-- DATASET SECTION follows --

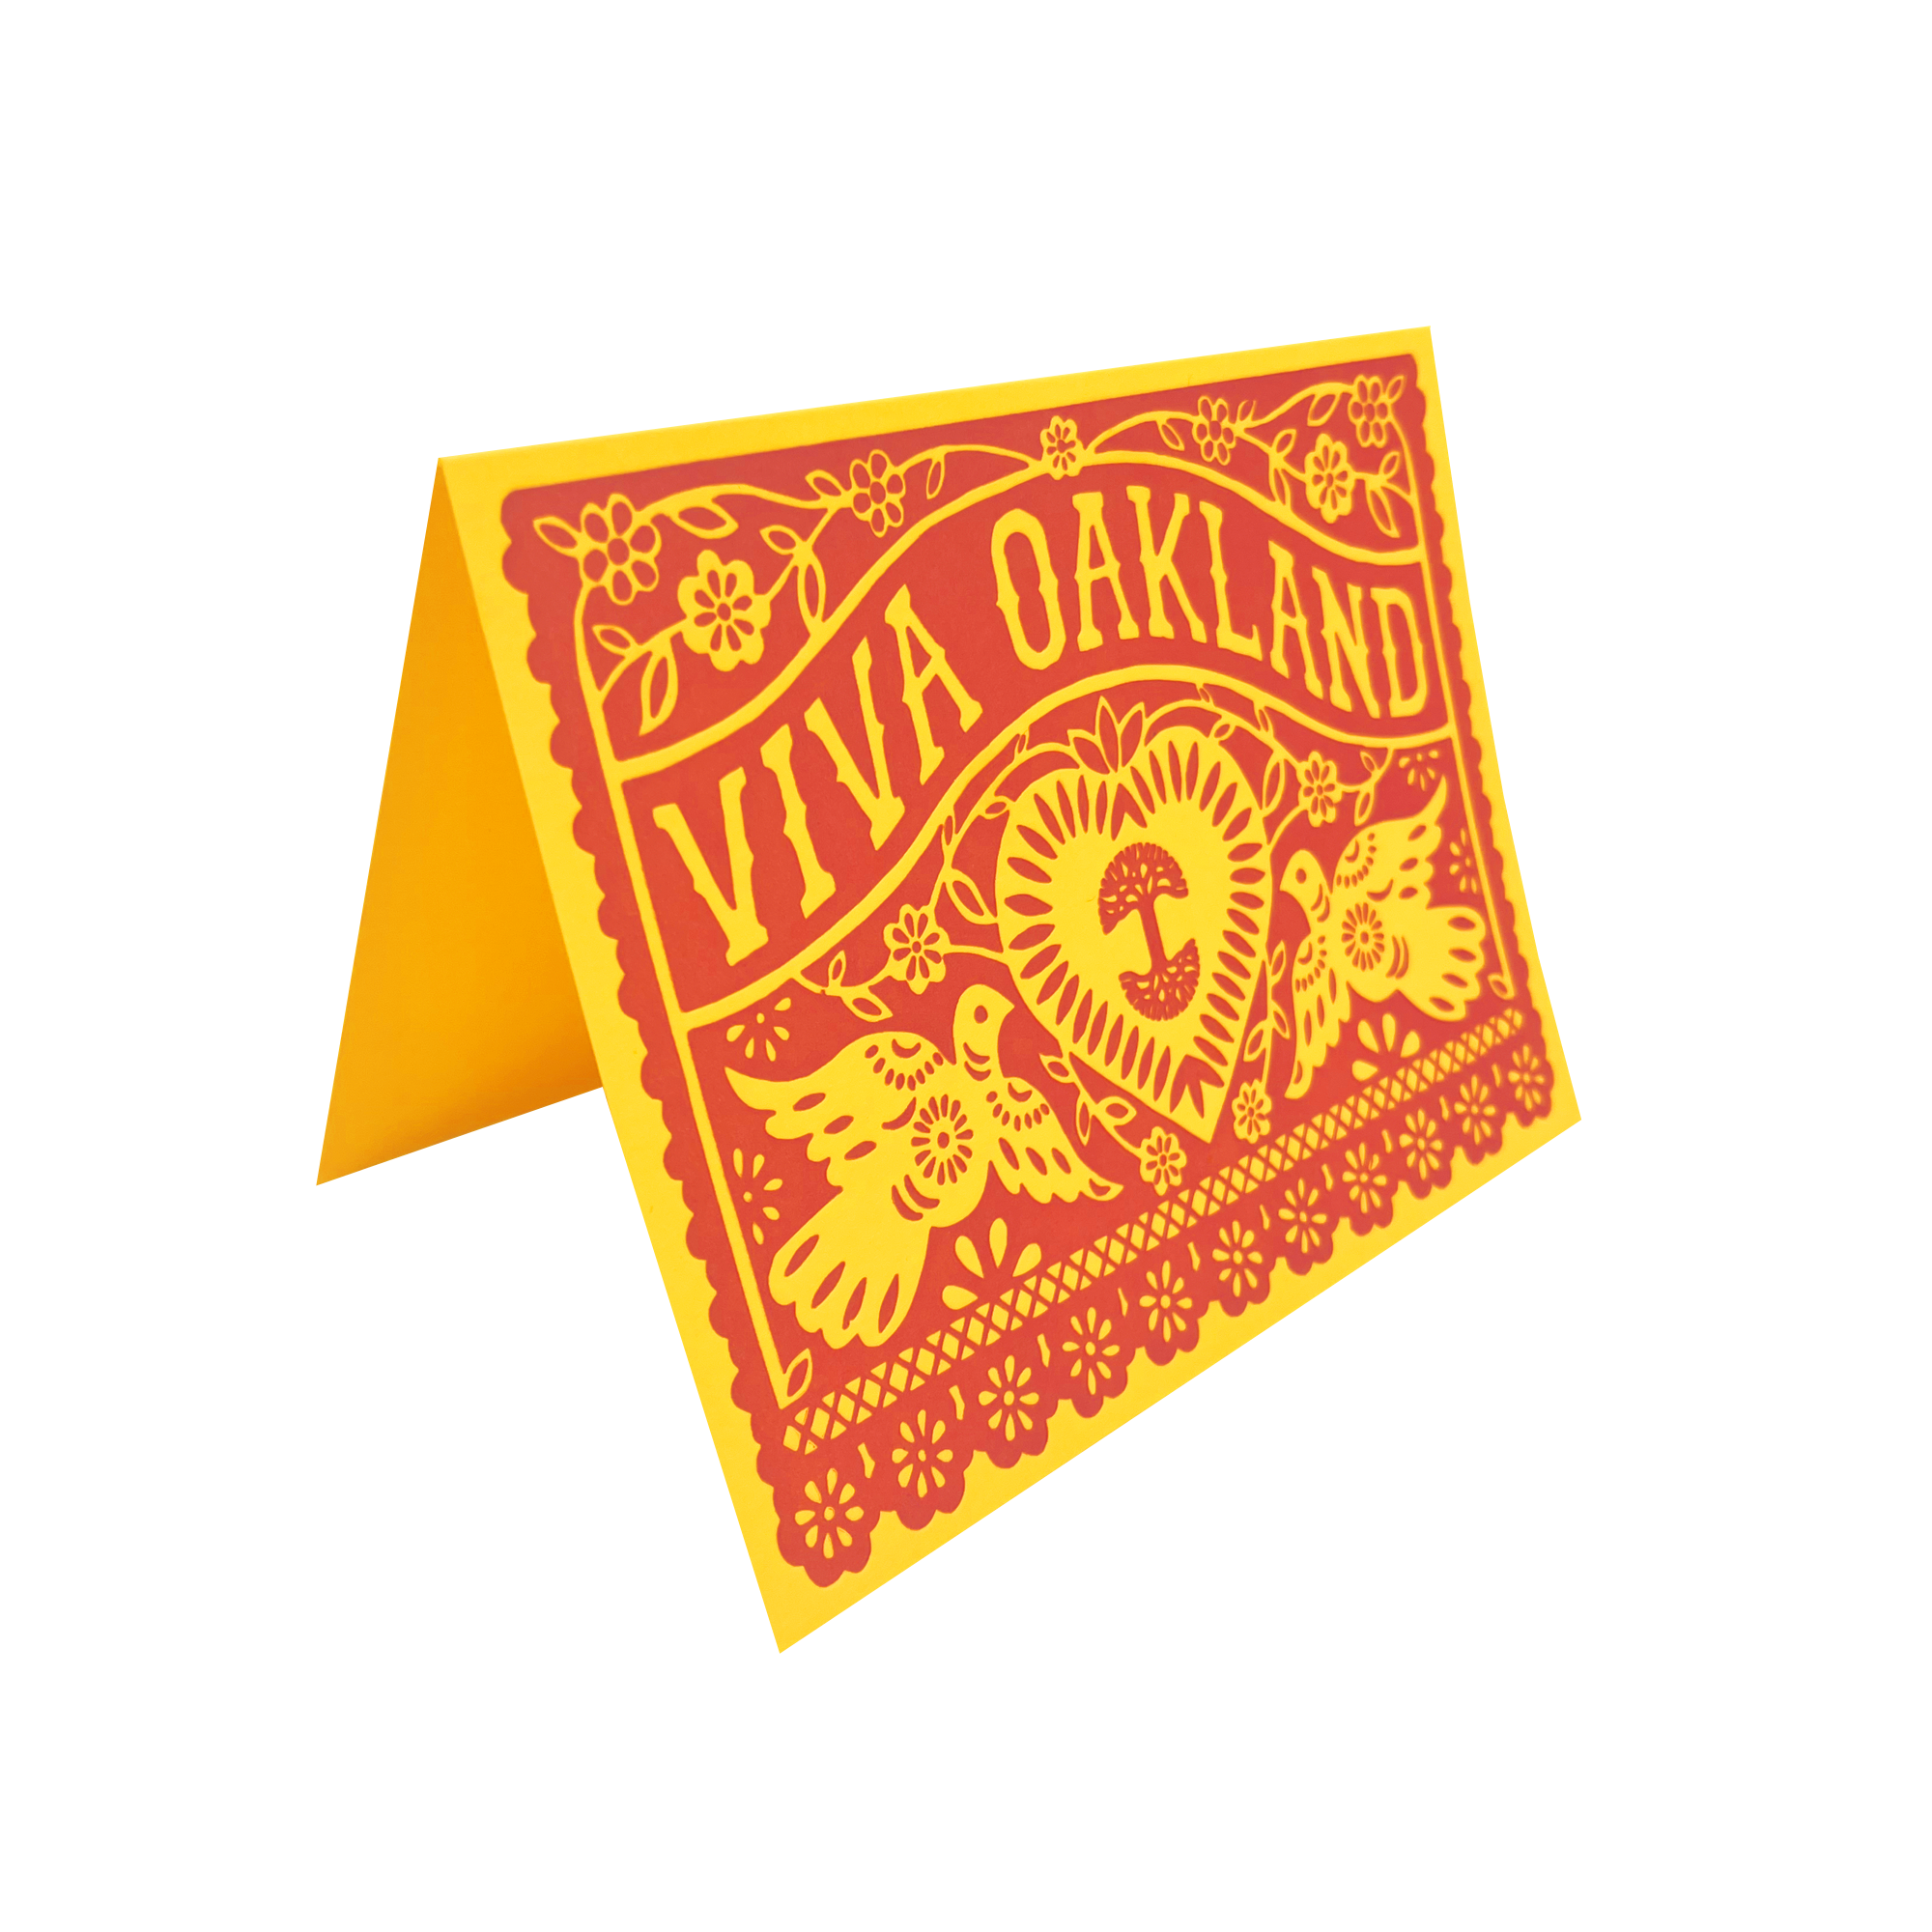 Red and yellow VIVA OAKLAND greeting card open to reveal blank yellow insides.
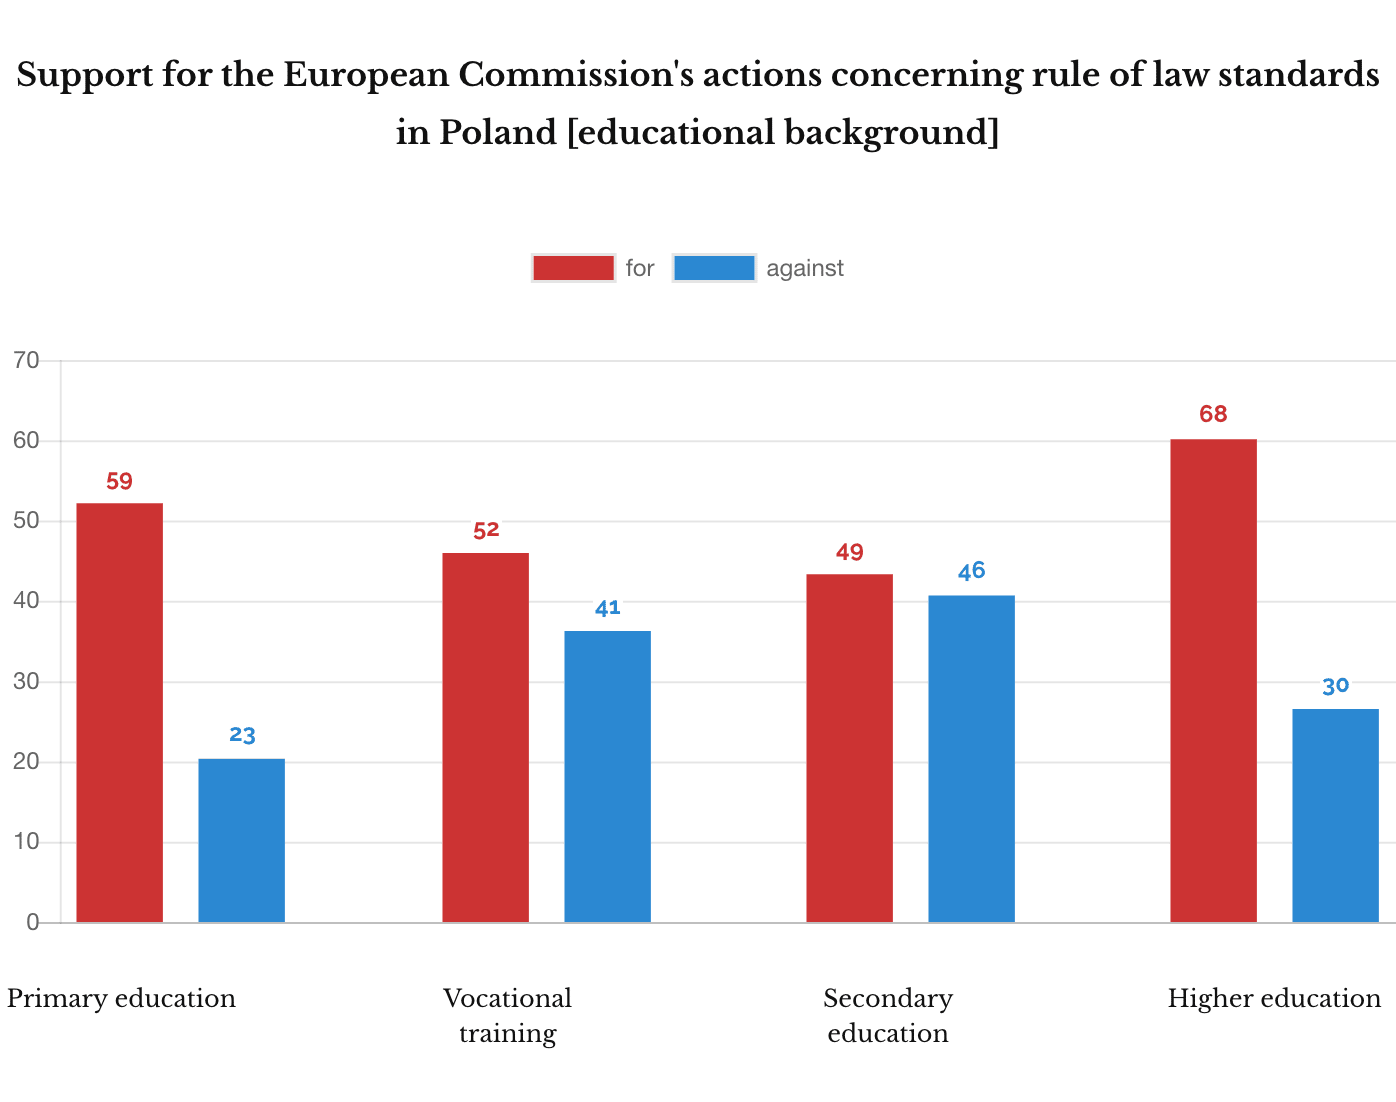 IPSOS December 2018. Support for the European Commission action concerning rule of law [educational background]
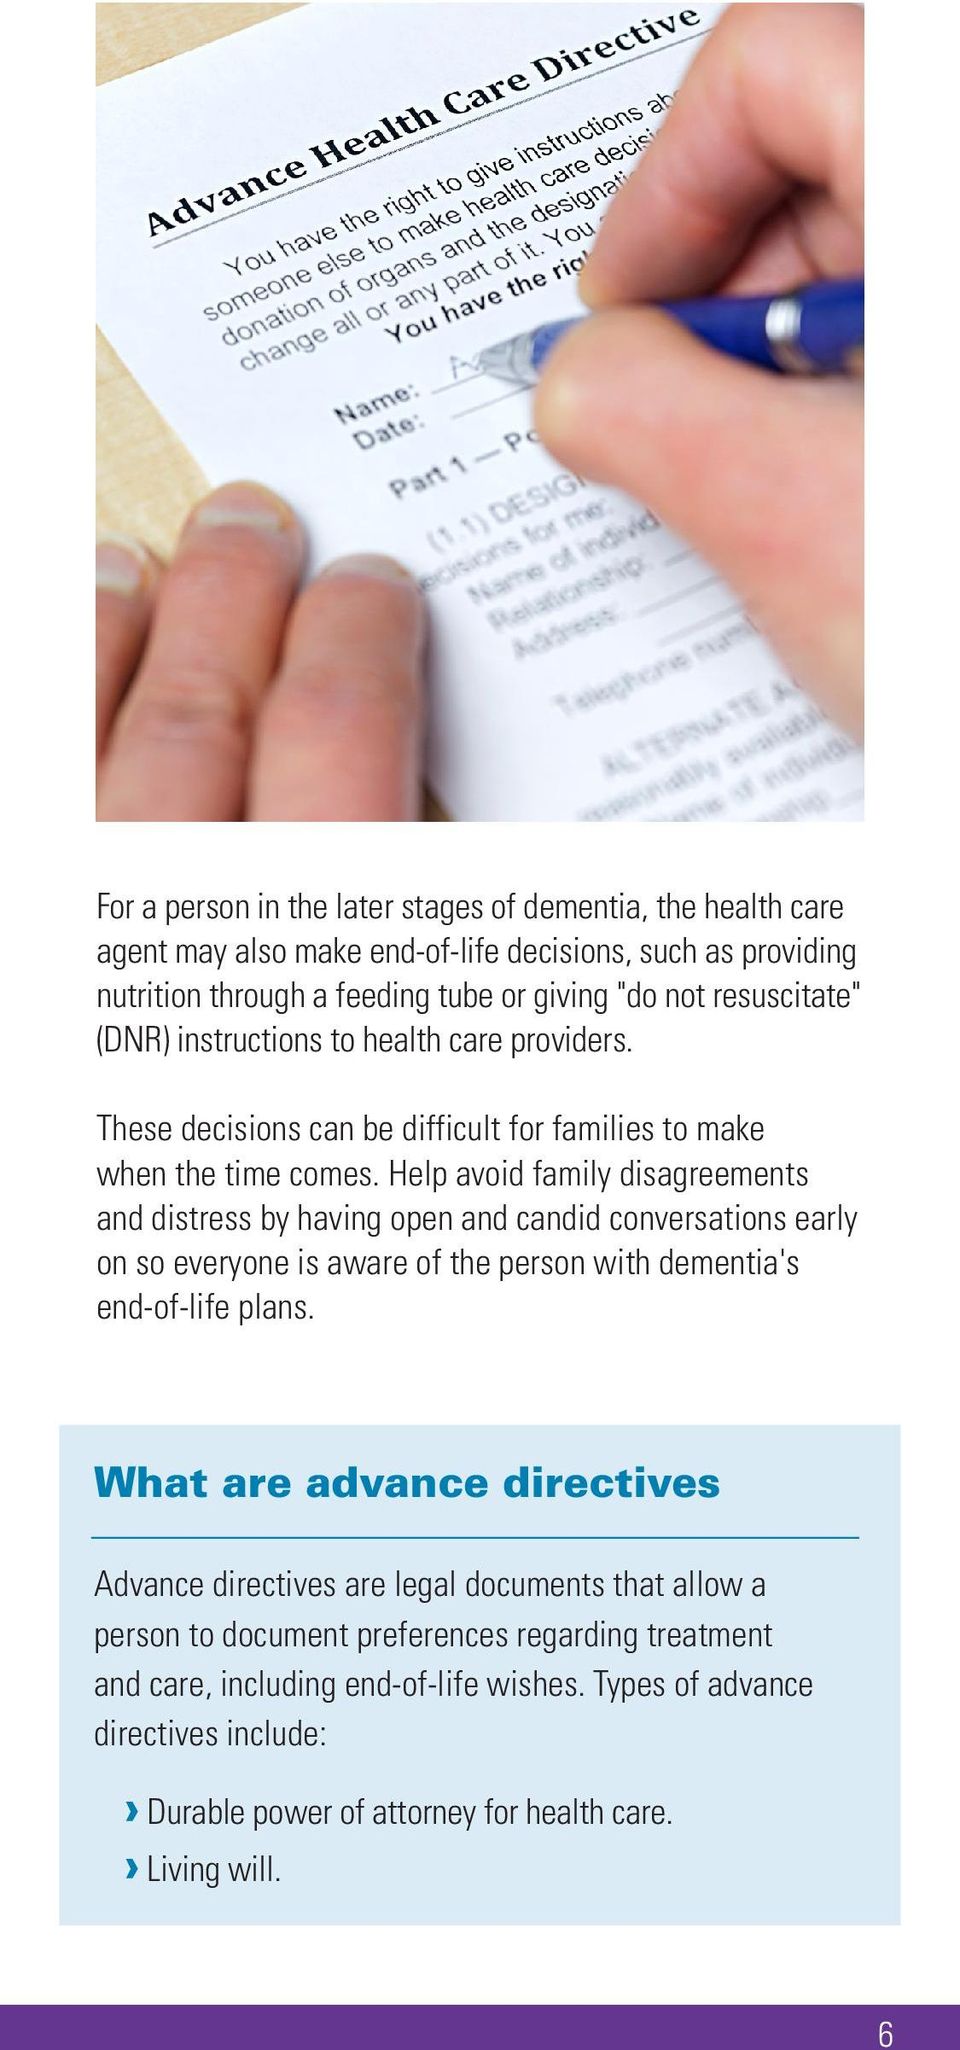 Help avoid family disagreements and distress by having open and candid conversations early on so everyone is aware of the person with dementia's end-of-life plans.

-- DATASET SECTION concluded --

_INSTRUCTIONS FOR THE TASK:_ Every line of the material must be returned verbatim, and pictures must be left behind.

_EXERCISE OUTPUT:_
 Red and yellow VIVA OAKLAND greeting card open to reveal blank yellow insides.
 IPSOS December 2018. Support for the European Commission action concerning rule of law [educational background]
 Help avoid family disagreements and distress by having open and candid conversations early on so everyone is aware of the person with dementia's end-of-life plans.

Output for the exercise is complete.